Table 2. Essential Amino acids composition of M. Oleifera leaf meal
(MOLM)
| MOLM | ||||||
| This study | Booth & Wickens 1988)1 | Skim milk powder3 | ||||
| Amino acid | (g/100g) | (g/16g N) | (g/100g) | (g/16g N) | (g/100g) | (g/16g N) |
| Arginine | 0.736 | 2.73 | 1.325 | 4.89 | 1.04 | 3.15 |
| Histidine | 0.386 | 1.43 | 0.613 | 2.26 | 0.81 | 2.45 |
| Isoleucine | 0.769 | 2.85 | 0.825 | 3.04 | 2.40 | 7.27 |
| Leucine | 1.299 | 4.81 | 1.956 | 7.22 | 3.25 | 9.85 |
| Lysine | 0.873 | 3.23 | 1.325 | 4.89 | 2.78 | 8.42 |
| Methionine | 0.122 | 0.45 | 0.350 | 1.29 | 0.81 | 2.45 |
| Phenylalanine | 1.057 | 3.92 | 1.388 | 5.12 | 1.47 | 4.45 |
| Threonine | 0.654 | 2.42 | 1.188 | 4.38 | 1.42 | 4.30 |
| Tryptophan | – | – | 0.450 | 1.66 | 0.39 | 1.18 |
| Valine | 0.987 | 3.66 | 1.063 | 3.92 | 2.09 | 6.33 |
1 MOLM dried powder.
2{ g amino acid/16g N= 100x 16/N(feed)} – [Maynard&Loosli 1962, McGRAW-HILL, N.Y., P104].
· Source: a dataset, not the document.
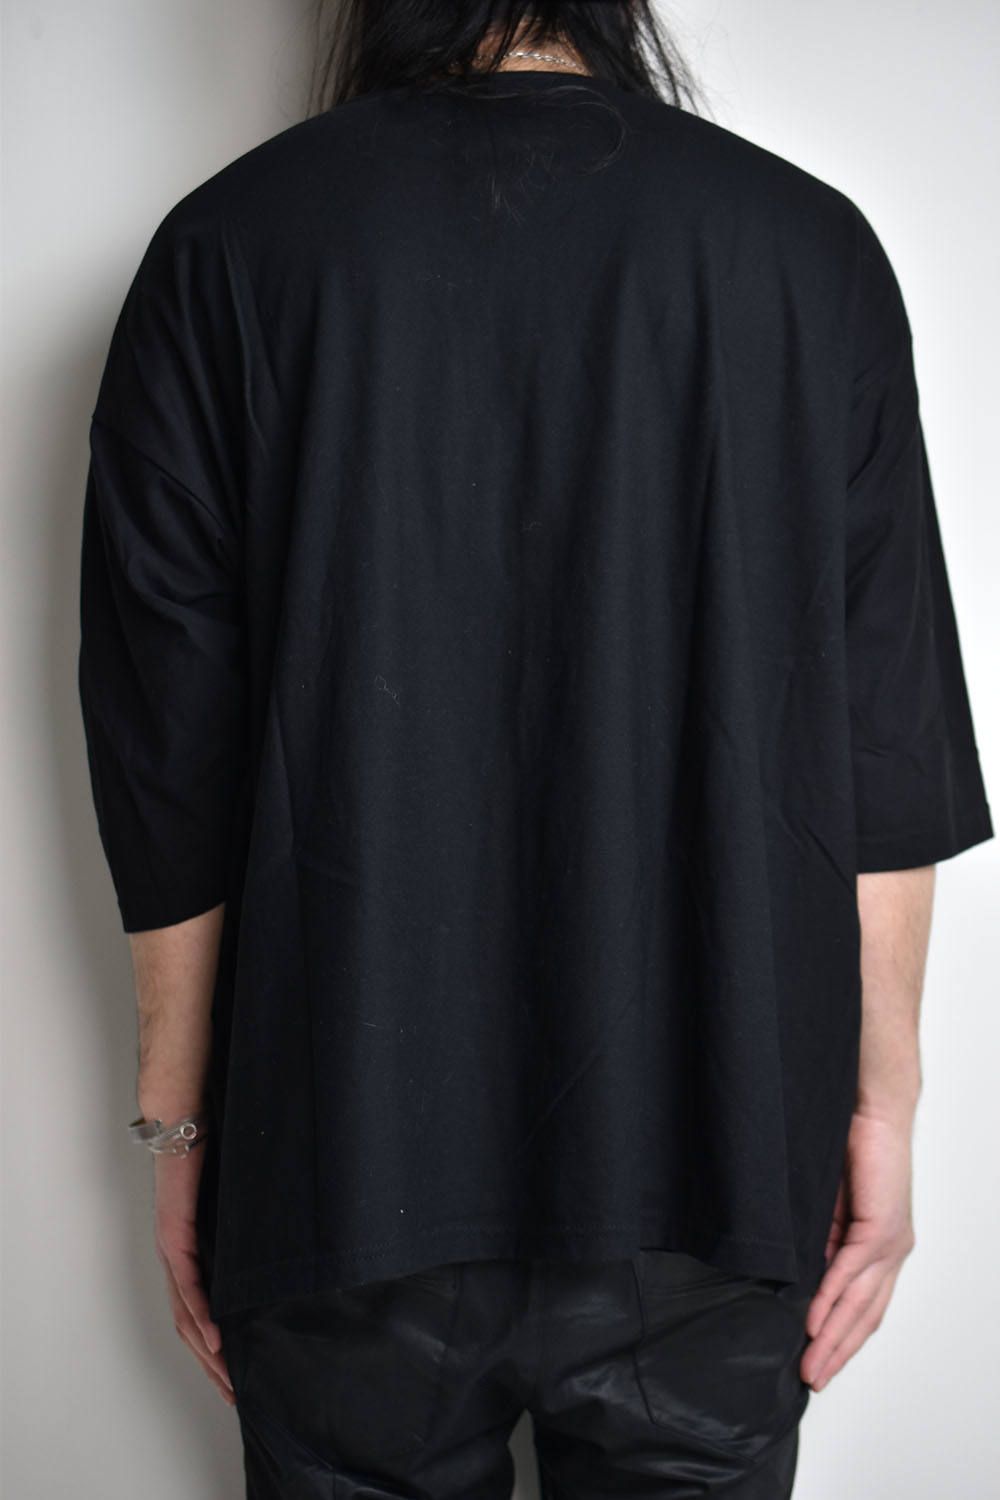 Loose Fit M/S T-Shirt"Black"ルーズフィットミディアムスリーブTee"ブラック"

3Williams,H.H., et al (1955). The essential amino acid composition of animal feeds. Cornell Univ. Agr. Expt. Sta. Mem. 337.:Cited in: Maynard &Loosli, in ANIMAL NUTRITION, 5th,edition,P104.
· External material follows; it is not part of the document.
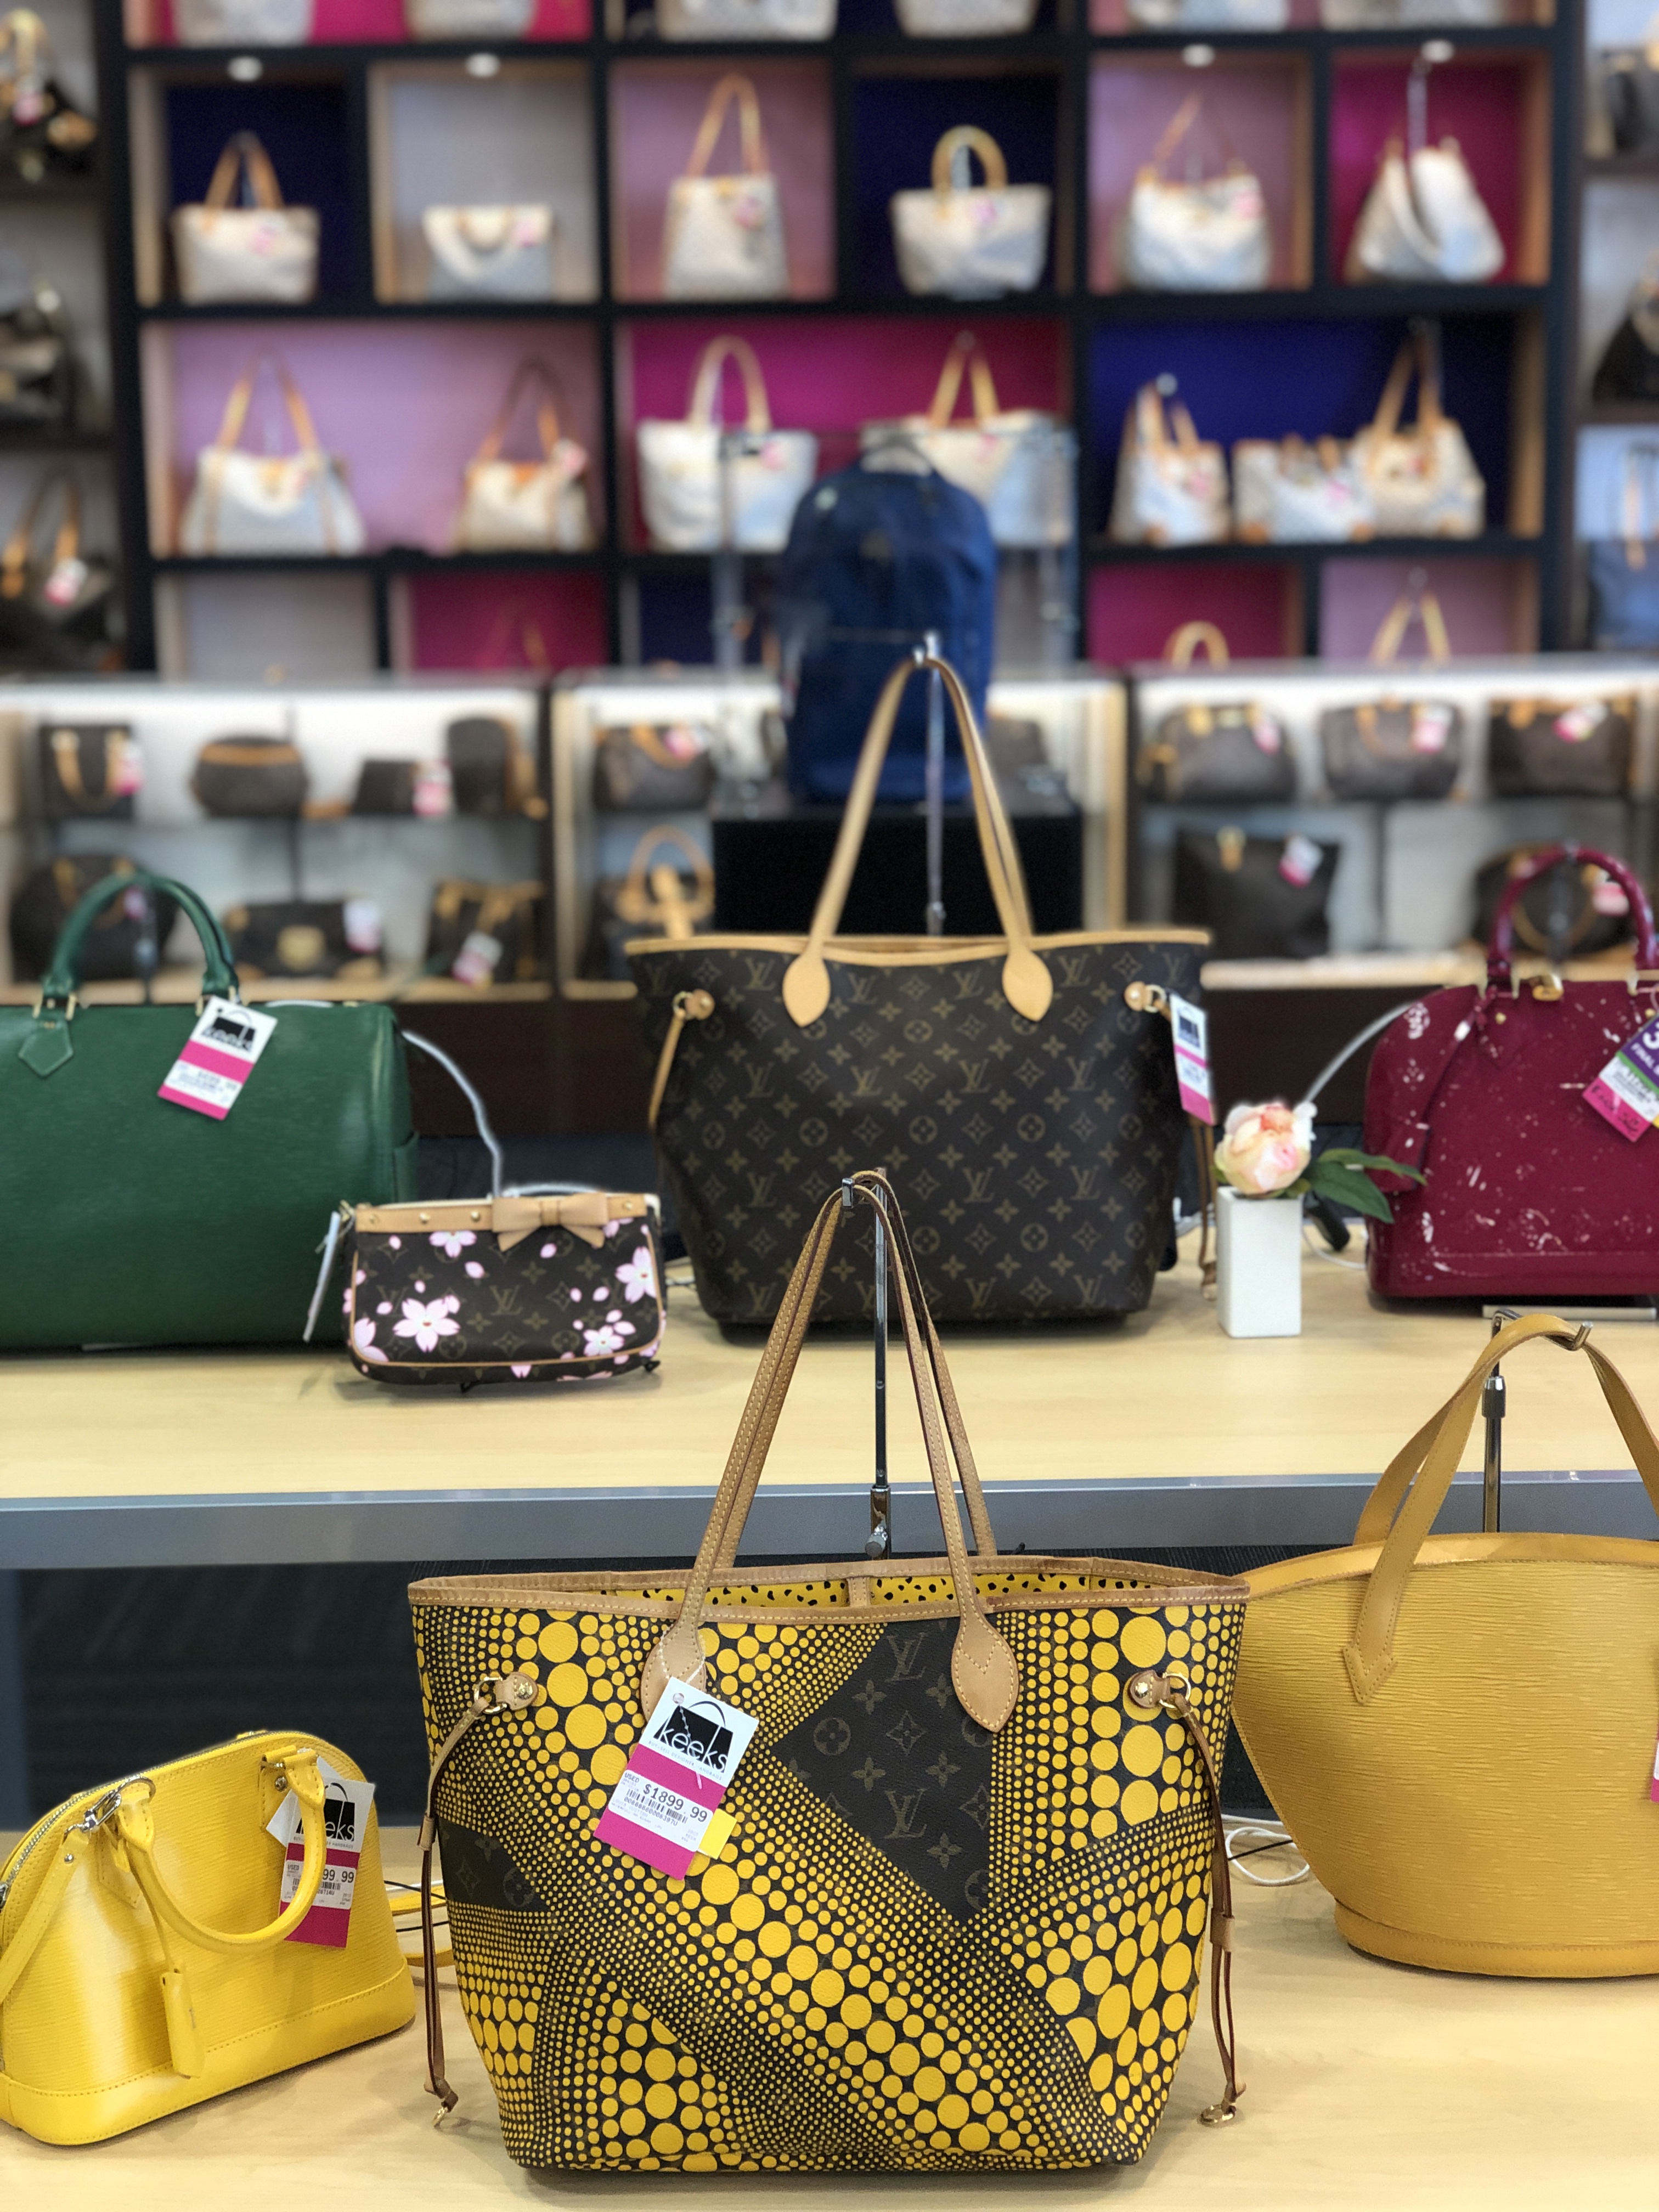 Keeks Buy + Sell Designer Handbags - Buy + Sell Authentic Designer

Inclusion of MOLM in chicks ration at all levels, positively affected the chick performance, as shown in Table 3. The chicks fed MOLM diets consumed (P<0.05) more dry matter, metabolizable energy as well as more crude protein than those fed the control diet (0%M); as a result they gained (P<0.05) more weight. However, within MOLM fed groups dietary intake and weight gain increased as MOLM concentration in the diet, raised from 2%M up to 6%M. Generally in the present study, the tendency for feed consumption and chick performance to improve with increasing dietary MOLM concentration agrees with various reports from other studies; notably those by Duo et al., (2001),
Olugbem et al., (2010), Onuand Aniebo (2011), and Melesse et al., (2011), who used M. stenopetala. They indicated that performance improvement was associated with leaf meal dietary inclusion rate not exceeding 5-6%.
Moringa dry matter and crude protein intakes had positively increased body gain and gain conversion rates, in an increasing progressive trend. This improvement could likely be attributed to MOLM protein quality effect.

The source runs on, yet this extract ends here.